Sementara, seluruh masyarakat Banten, bahkan seluruh masyarakat Indonesia , merasa memiliki peninggalan Kesultanan Islam Banten ini. Tertatanya Banten Lama menjadi komplek peninggalan sejarah sekaligus komplek wisata yang rapih, bersih dan nyaman tentu menjadi harapan semua pihak. Kesan yang selama ini tidak dirasakan oleh para pengunjung, baik domestik maupun mancanegara.
Saya pribadi sering berkunjung ke Banten Lama. Sejak kecil, masa sekolah, lebih-lebih masa kuliah (berkaitan jurusan saya Sejarah dan Peradaban Islam), hingga sekarang saya sering membawa siswa saya untuk wisata sejarah ke komplek Banten Lama. Tidak ada kesan indah selama berkaitan dengan pelayanan dan perawatan tempat-tempat bersejarah di Banten Lama ini. Sebaliknya, kesan semerawut dan tidak nyaman oleh keberadaan pedagang dan pengemis-pengemis yang di luar kewajaran. Itu di sekitar Masjid Agung.

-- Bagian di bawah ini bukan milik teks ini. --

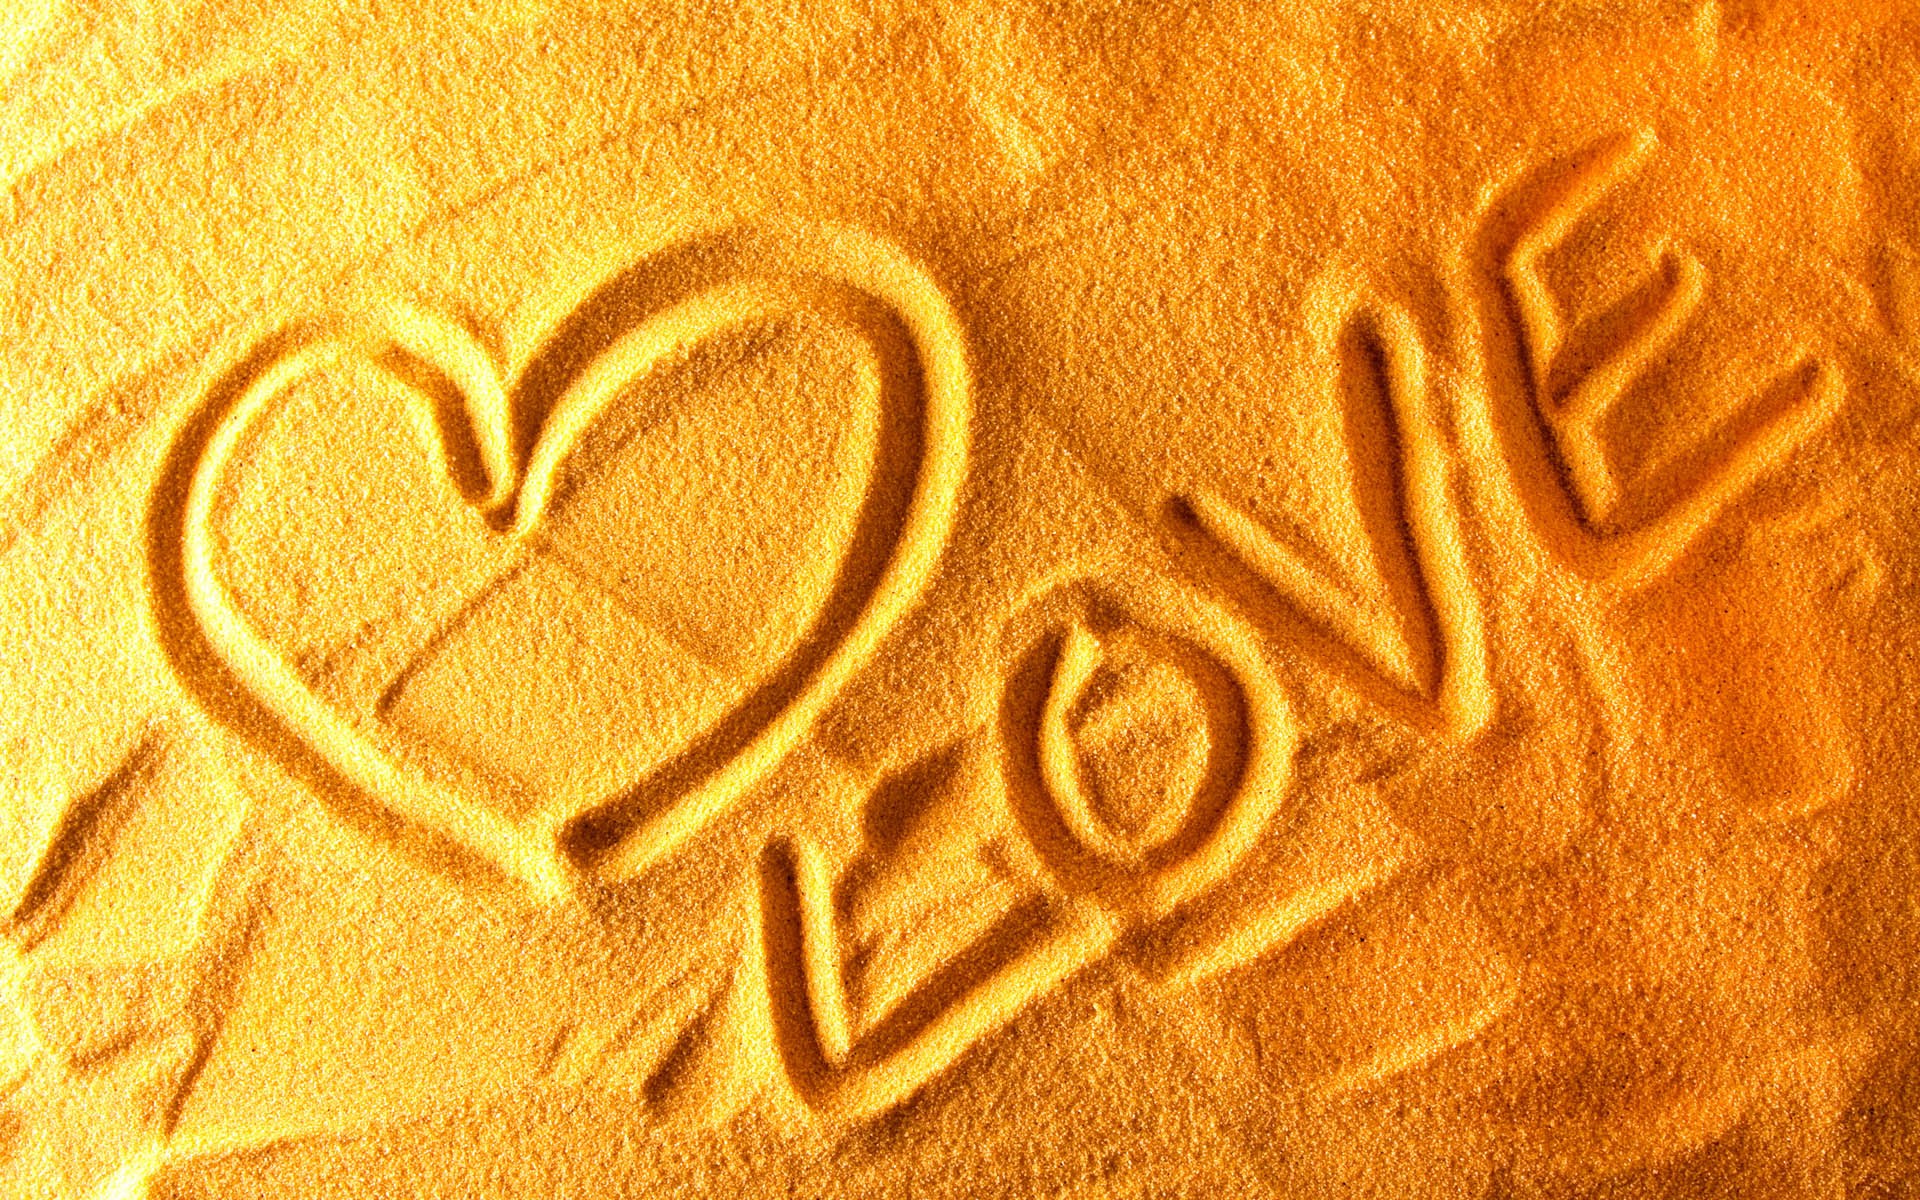 Heart and Love written in the sand on a beach.

Di tempat-tempat bersejarah lainnya, seperti Istana Kaibon, Istana Surosowan, Meuseum Kepurbakalaan Banten Lama, Benteng Speelwizk, selama belasan tahun terakhir tidak beranjak dari keadaannya semula. Tidak ada perubahan seiring dengan perubahan status Banten menjadi provinsi. Ketika saya tanya sana-sini, sebabnya lagi-lagi warga masyarakat yang tidak mengindahkan himbauan dari petugas. Pemandangan istana menjadi lapangan bola, tempat menggembala kambing, hingga tempat mojok-nya pasangan remaja menjadi pemandangan sehari-hari. Belum lagi, sungai-sungai yang mengelilingi Banten Lama menjadi tempat sampah raksasa paling diminati oleh warga. Ada yang menjadikannya tempat usaha dan ada juga yang terlantar begitu saja dengan semak belukar menyelimutinya. Padahal, sungai sepanjang Banten Lama dulu menjadi kanal-kanal indah yang menjadi jalur transportasi perahu-perahu yang membawa barang dari kapal besar di Karangantu ke istana dan sebaliknya.

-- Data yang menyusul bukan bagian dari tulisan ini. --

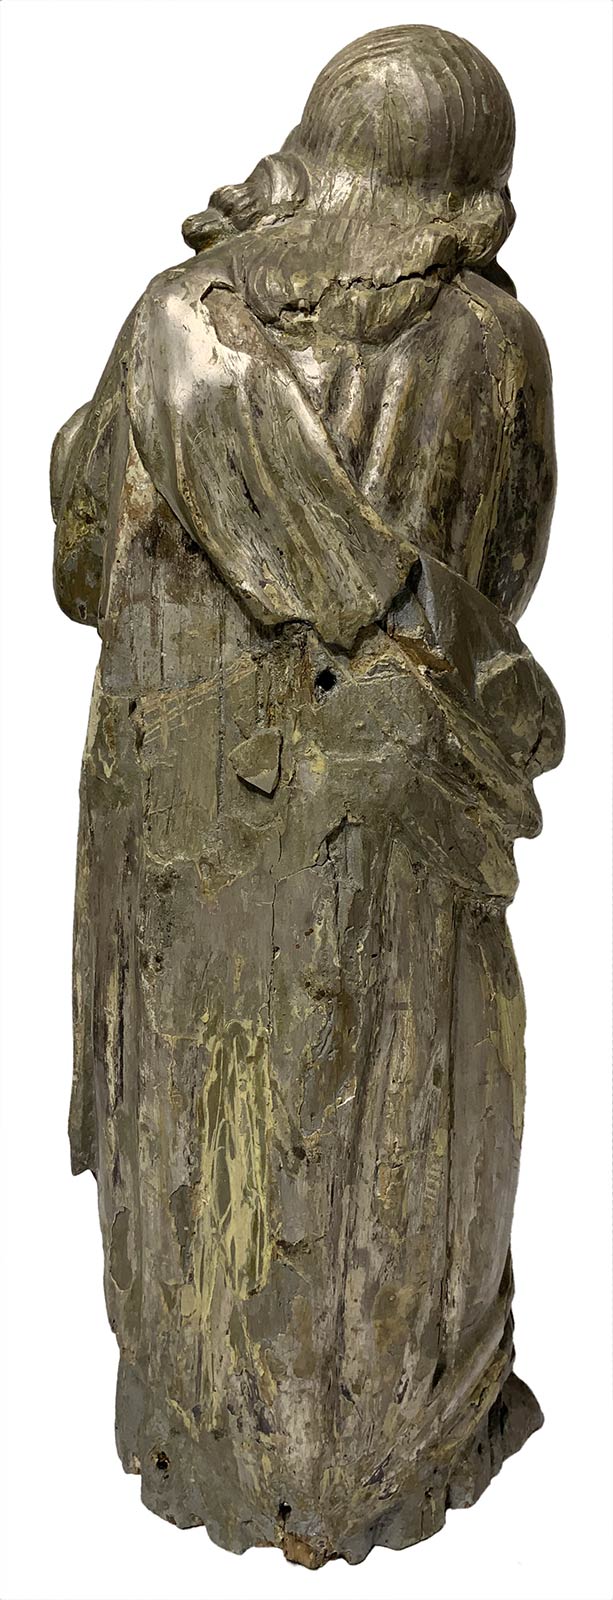 Wooden statue depicting a young St. Agatha, the seventeenth century, worked with silver leaf. H cm - Image 3 of 4

Sungguh akan menjadi pemandangan yang indah dan menjadi daya tarik tersendiri bila fungsi sungai itu sekarang direkonstruksi sebagaimana fungsinya semula.
Mimpi ini sekarang terpaut pada rencana Pemkot Serang untuk menata pendapatan asli daerah dari retribusi pengunjung Banten Lama. Pemkot Serang, menyadari betul bahwa Banten Lama adalah potensi pendapatan asli daerah (PAD) yang cukup besar. Itu dapat dilihat dari perkiraan pengunjung yang datang ke Banten Lama tidak kurang dari 16 juta per tahunnya. Oleh karena itu, Pemkot Serang berencana memungut retribusi dari pengunjung Banten Lama sebesar Rp 1.000. Dengan demikian, penataan kembali Banten Lama tidak hanya tergantung pada anggaran APBN, Pemprov Banten namun sekarang mendapat suntikan tambahan dari Pemda Serang sendiri sebagai pemerintahan yang langsung mengelola wilayah tersebut. Atau lebih sempurna lagi kalau Banten Lama mampu membiayai dirinya sendiri untuk biaya oprasional dan peningkatan pelayanan terhadap para pengunjung, baik peziarah maupun wisatawan sejarah. Tentu saja biaya itu didapat dari retribusi yang selama ini diberlakukan atau yang sedang digodong oleh Dinas Kebudayaan dan Pariwisata Kota Serang saat ini.
Semua kendala yang tampak dipermukaan sejak urusan internal, pedagang, hingga warga sekitar Banten Lama, saya kira bermuara pada satu sebab, yaitu rendahnya “kesadaran sejarah”. Jika “diagnose” ini disepakati, maka perlu kiranya menanamkan kesadaran sejarah itu kepada masyarakat sekitar khususnya, seluruh masyarakat Banten pada umumnya. Dan, secara sederhana wilayah penyadaran sejarah terbagi dua, yaitu sekolah dan masyarakat umum.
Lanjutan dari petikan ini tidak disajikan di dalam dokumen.